(Given records Opens)

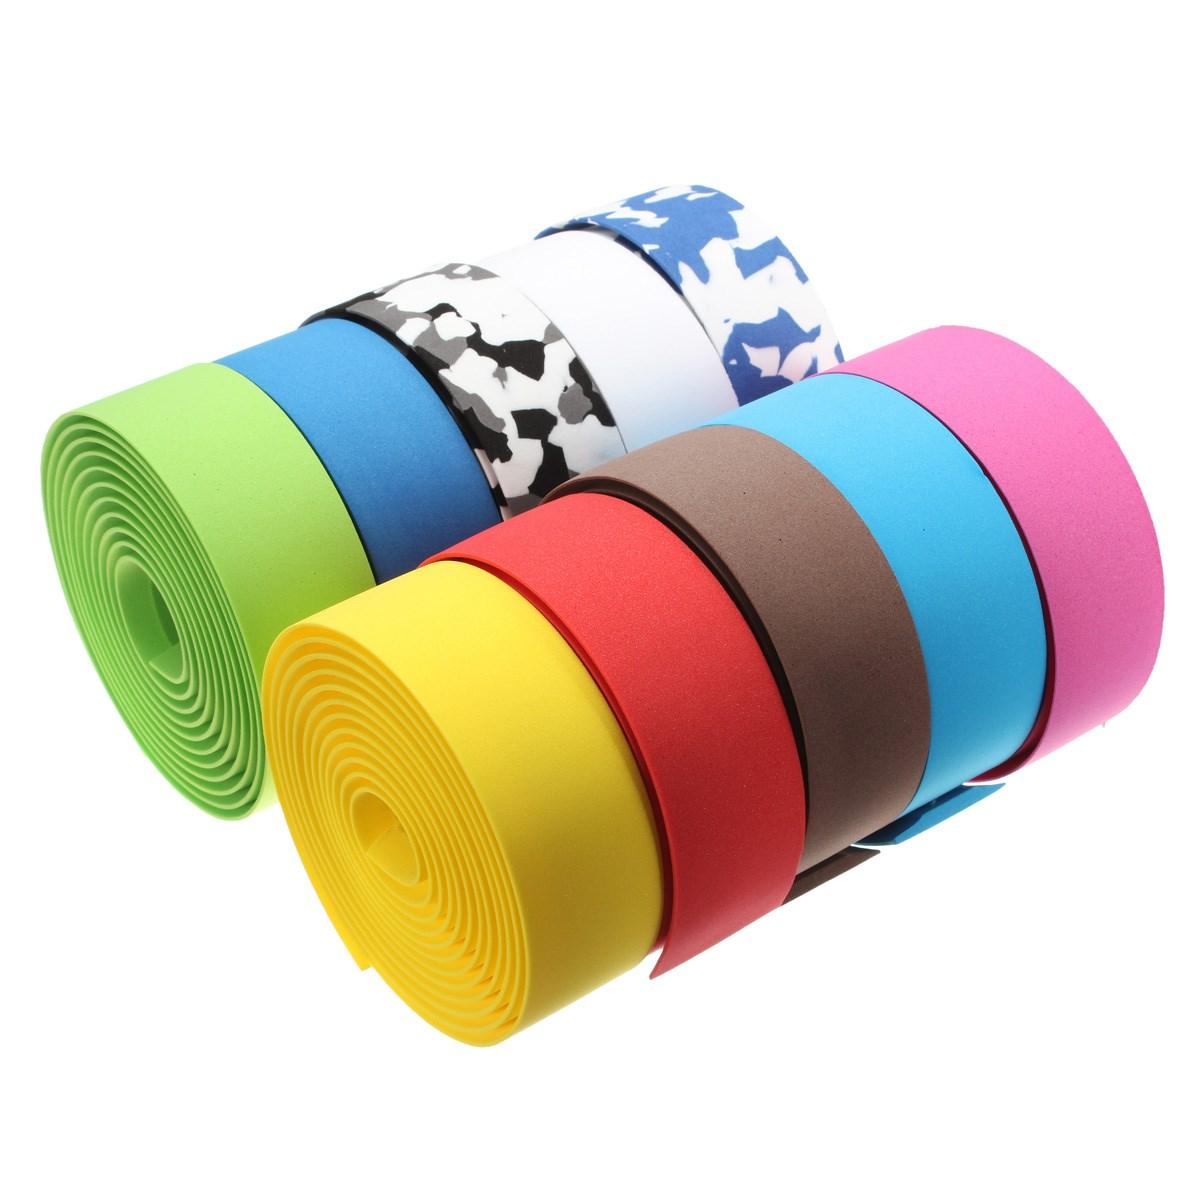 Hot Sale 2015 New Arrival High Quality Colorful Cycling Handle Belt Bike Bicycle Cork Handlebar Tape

(Given records Closes)
(Given records Opens)

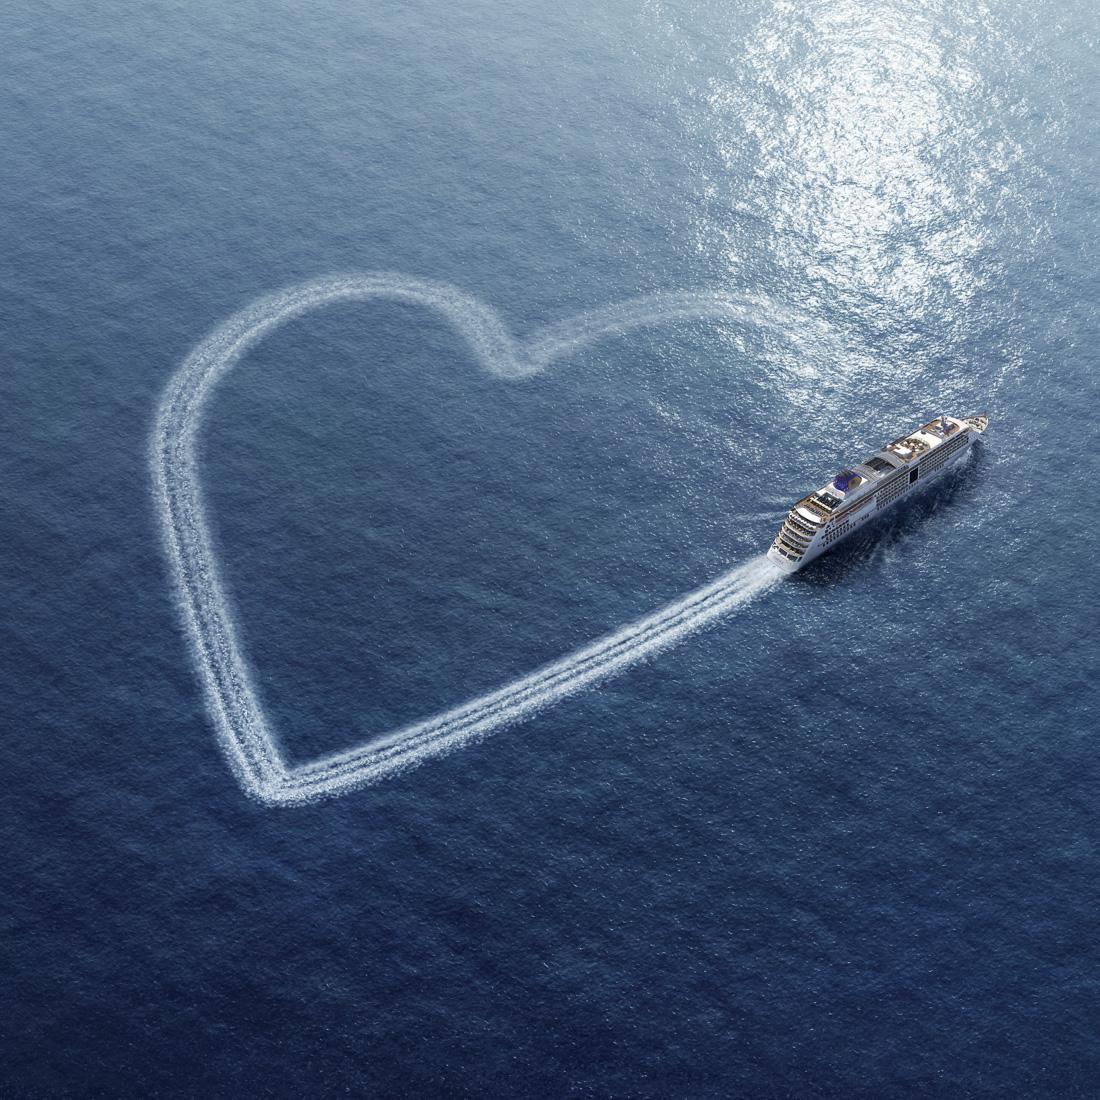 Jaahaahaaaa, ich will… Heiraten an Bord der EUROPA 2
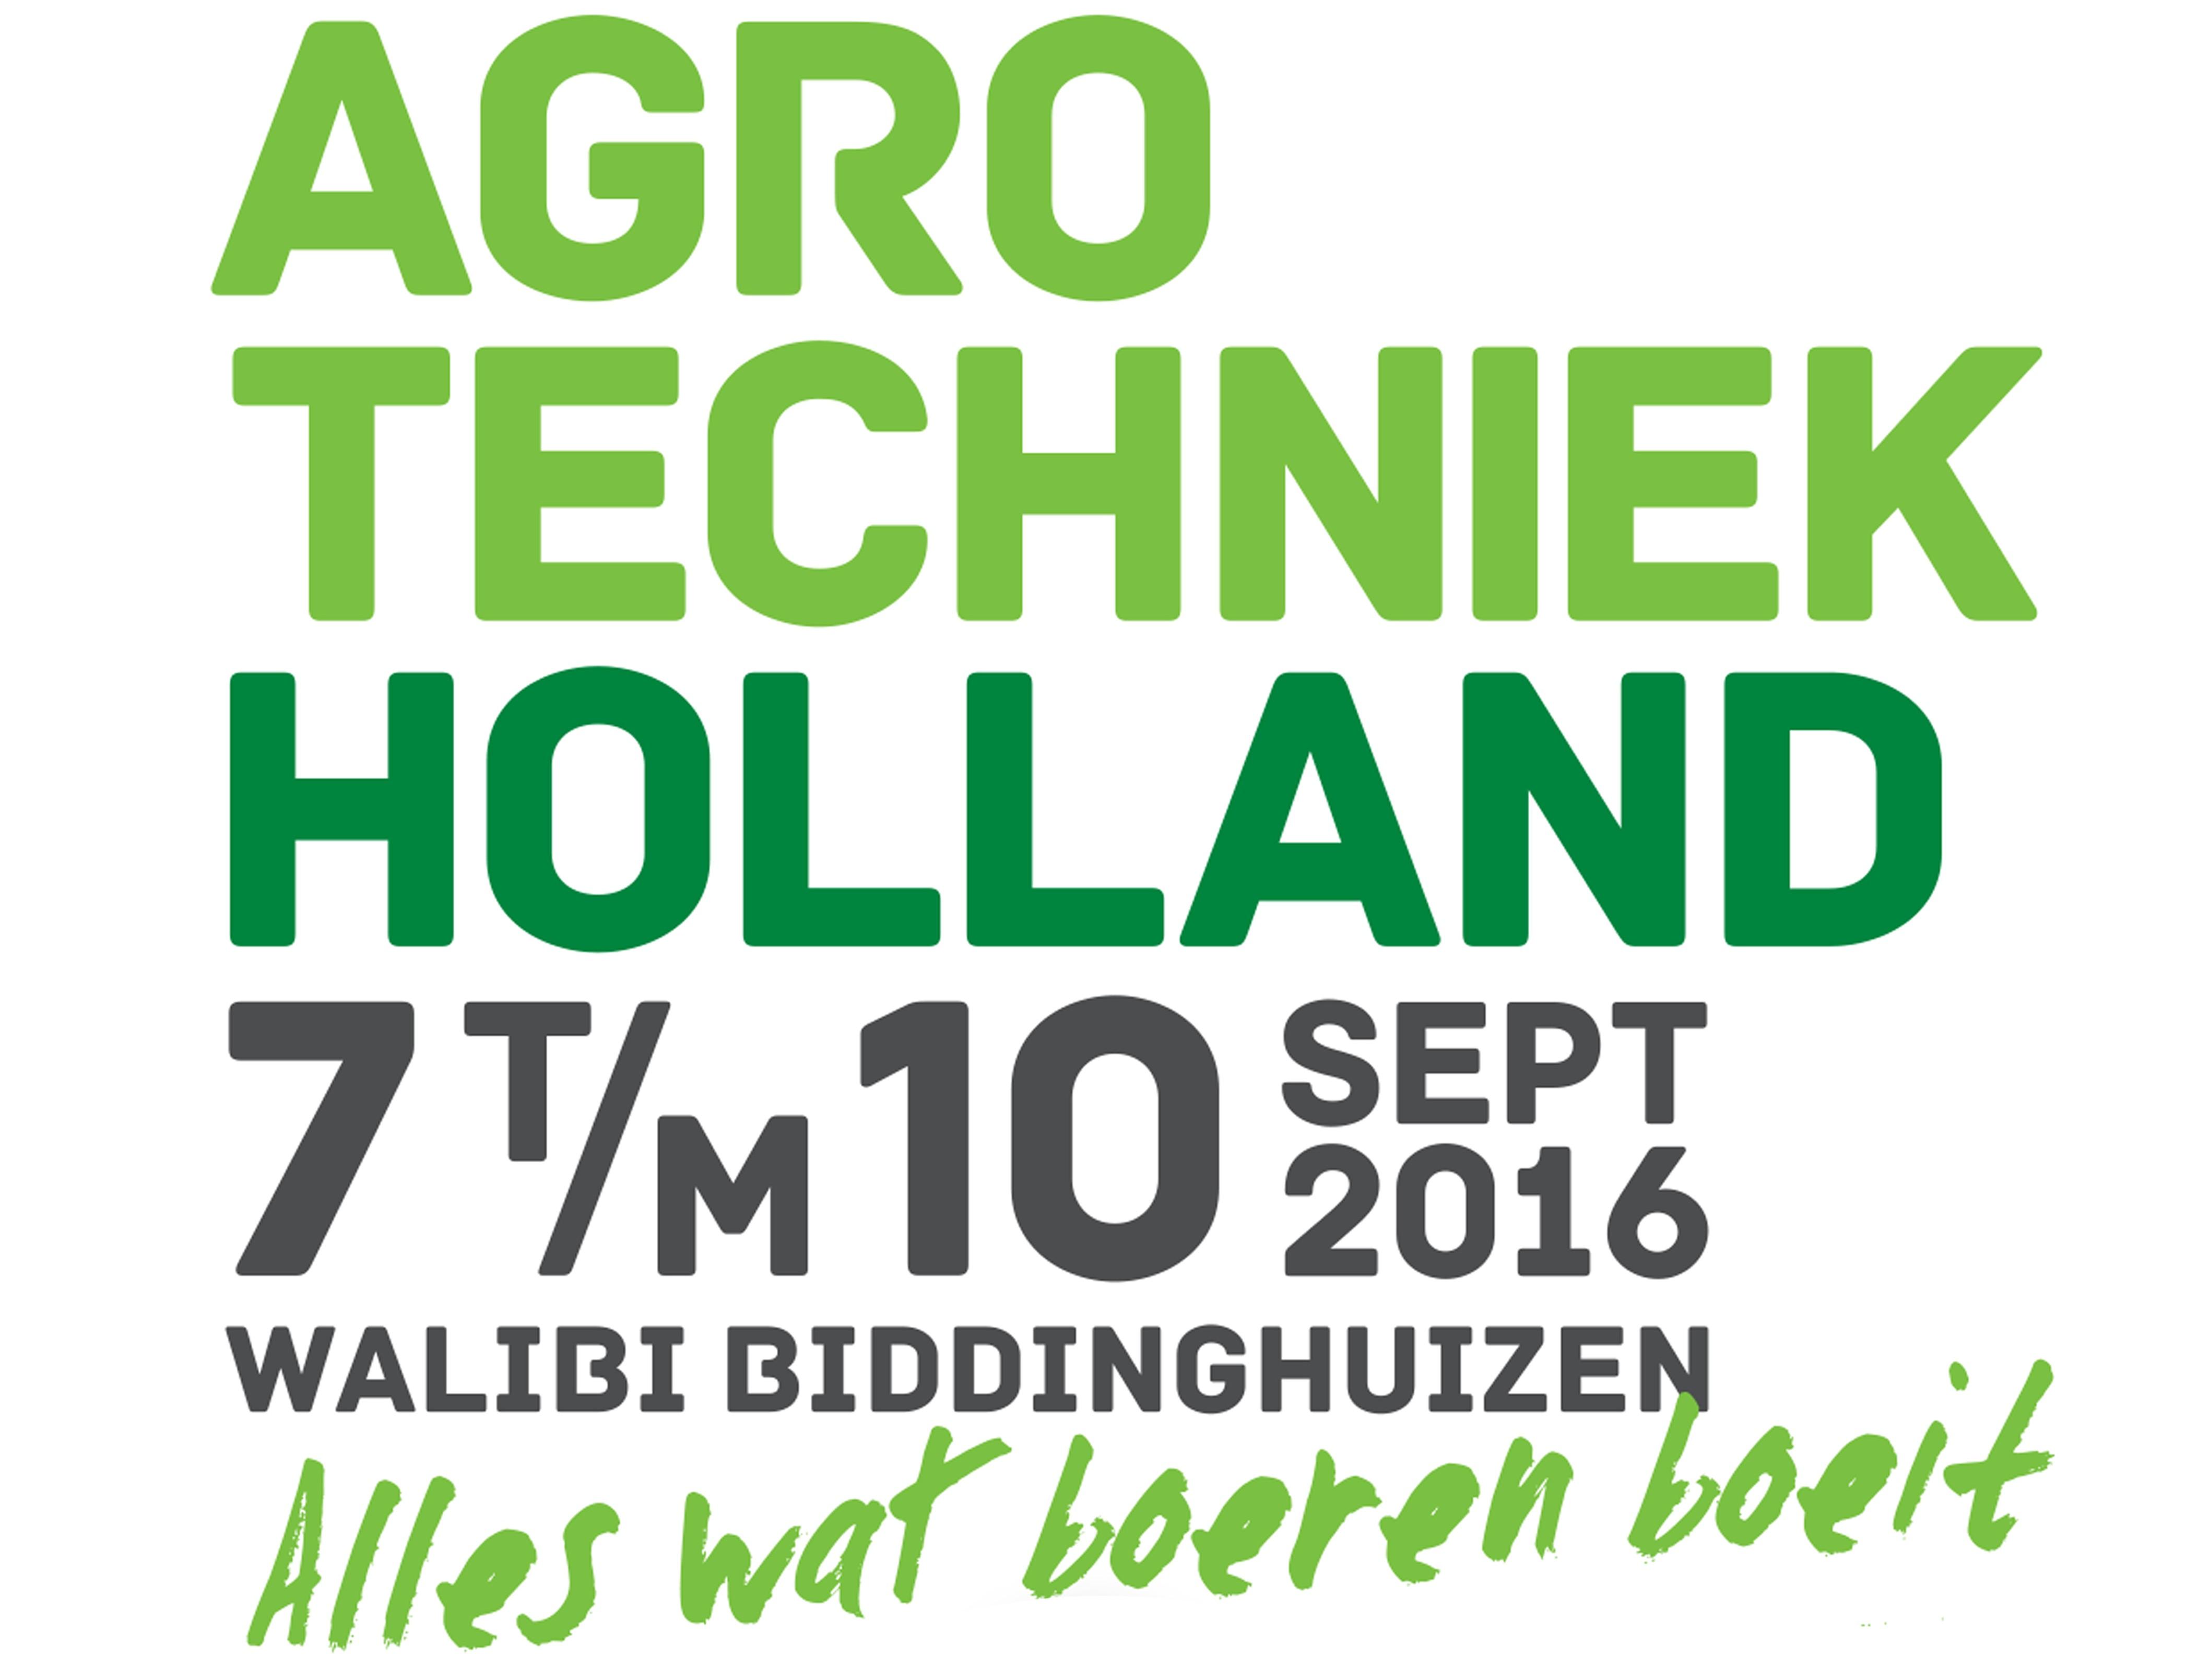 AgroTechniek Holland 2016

(Given records Closes)
(Given records Opens)

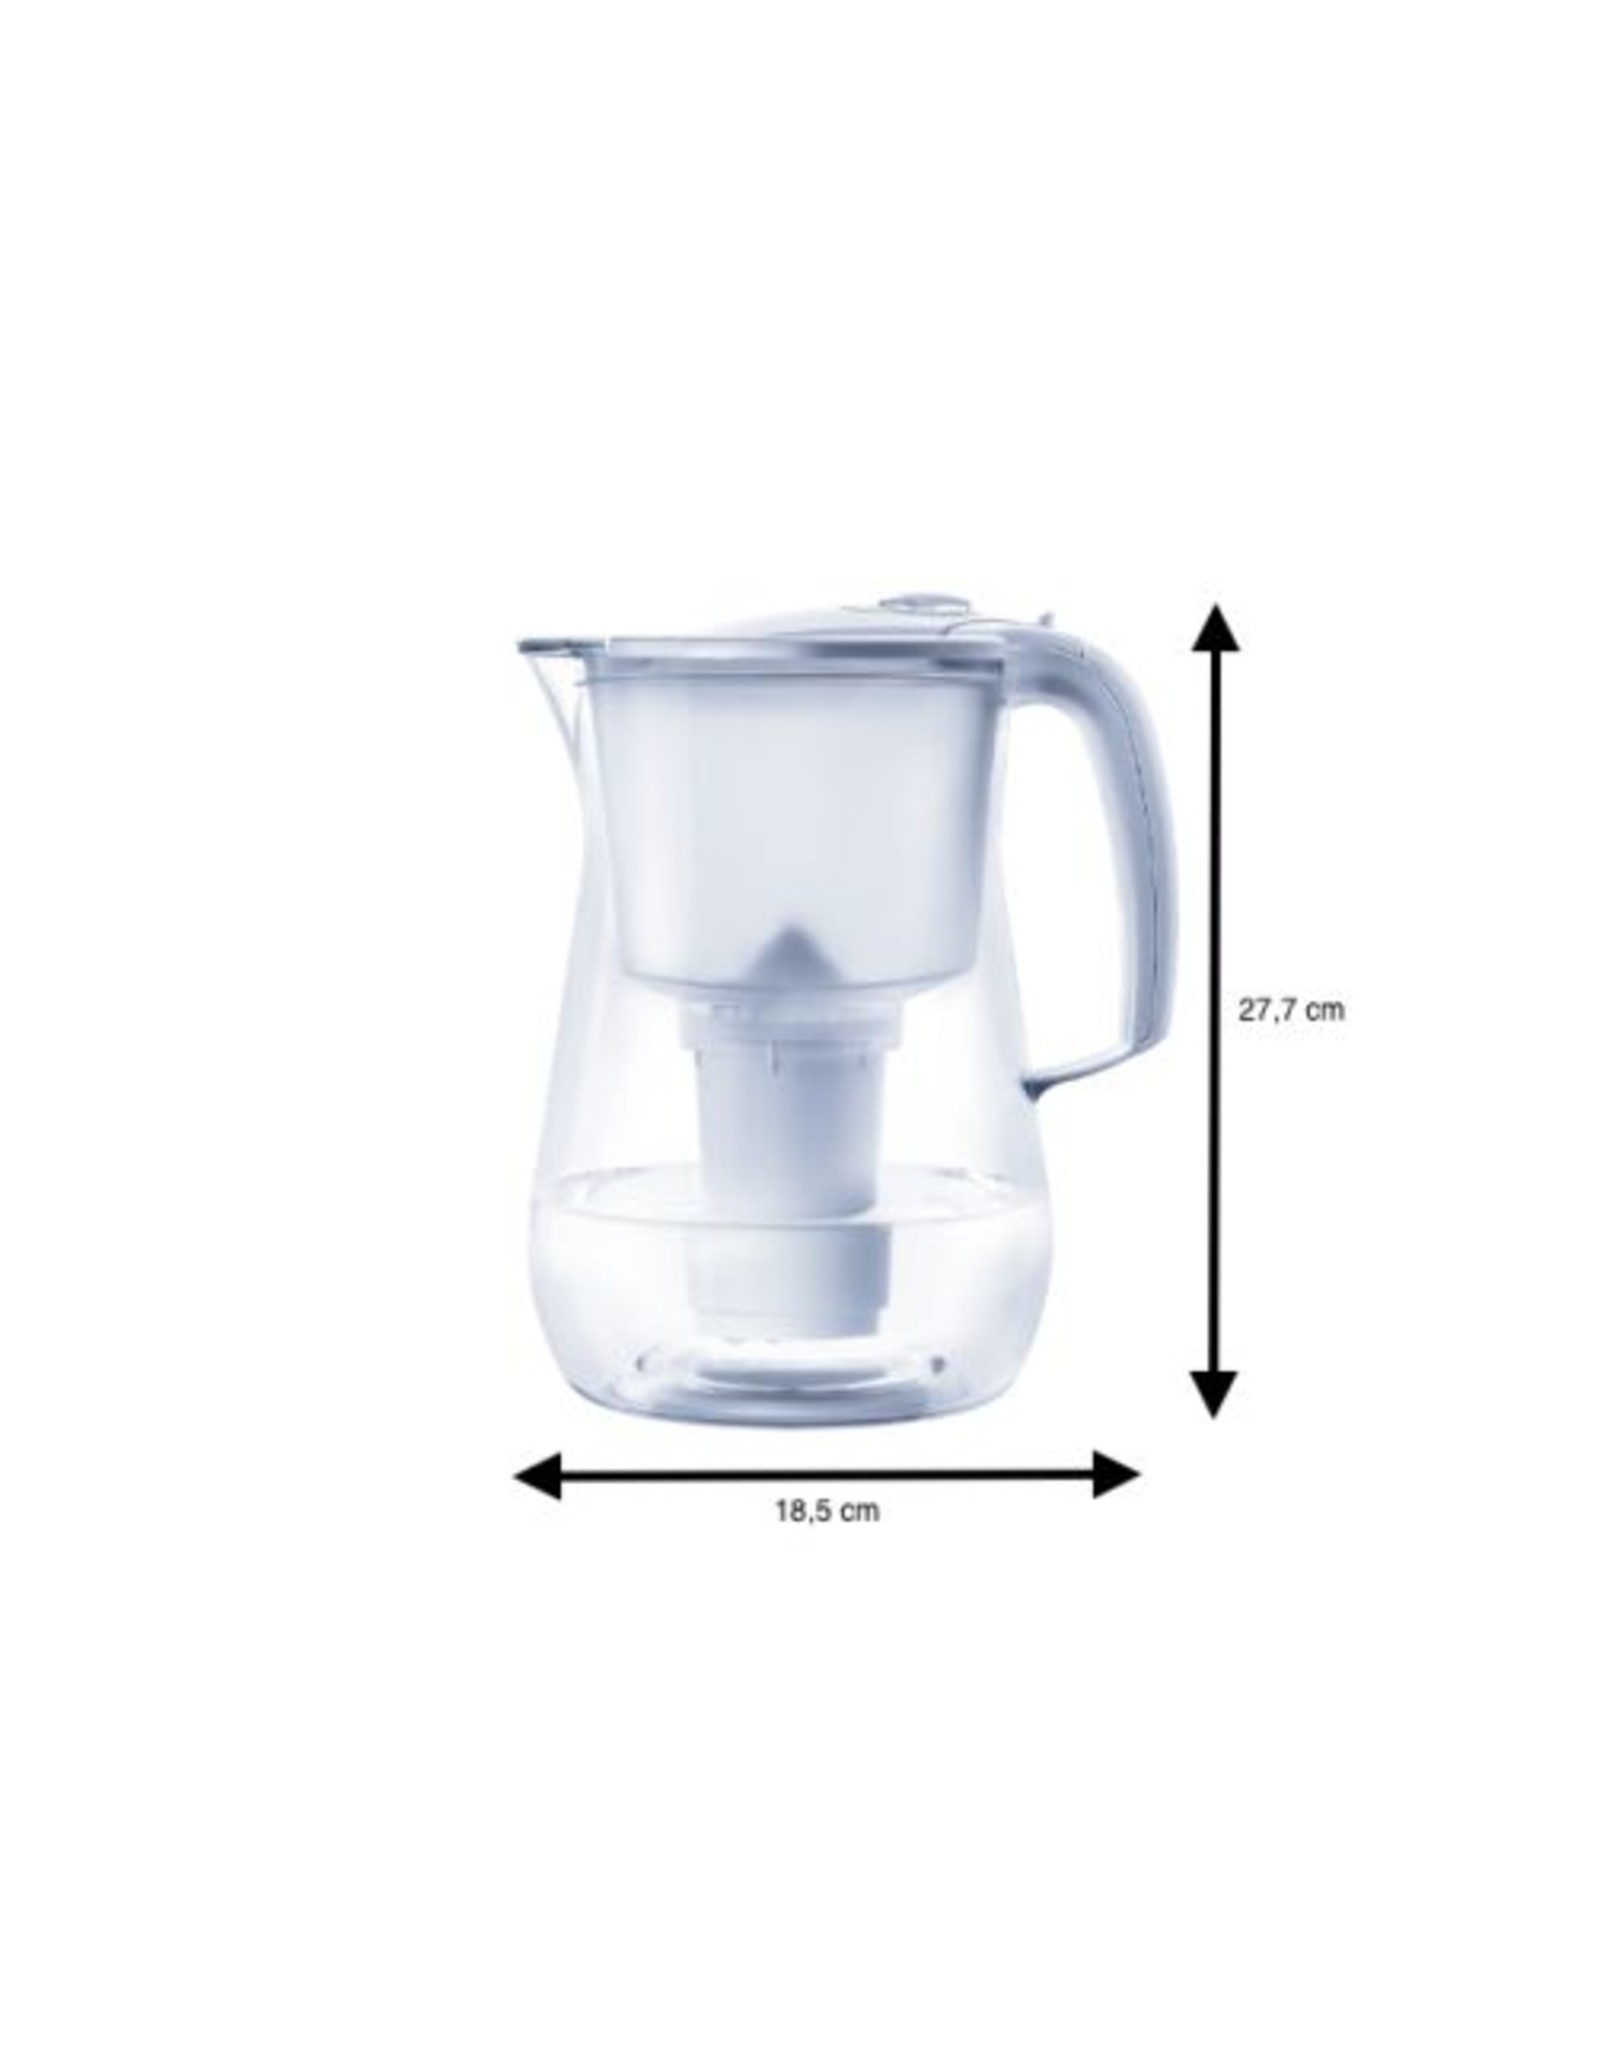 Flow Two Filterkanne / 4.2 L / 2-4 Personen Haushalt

(Given records Closes)

**Task requirements:** Set down exactly the lines above, from the line containing "Jaahaahaaaa, ich will…" through the line containing "AgroTechniek Holland 2016". Skip the pictures.

**Answer for this exercise:**
 Jaahaahaaaa, ich will… Heiraten an Bord der EUROPA 2
 AgroTechniek Holland 2016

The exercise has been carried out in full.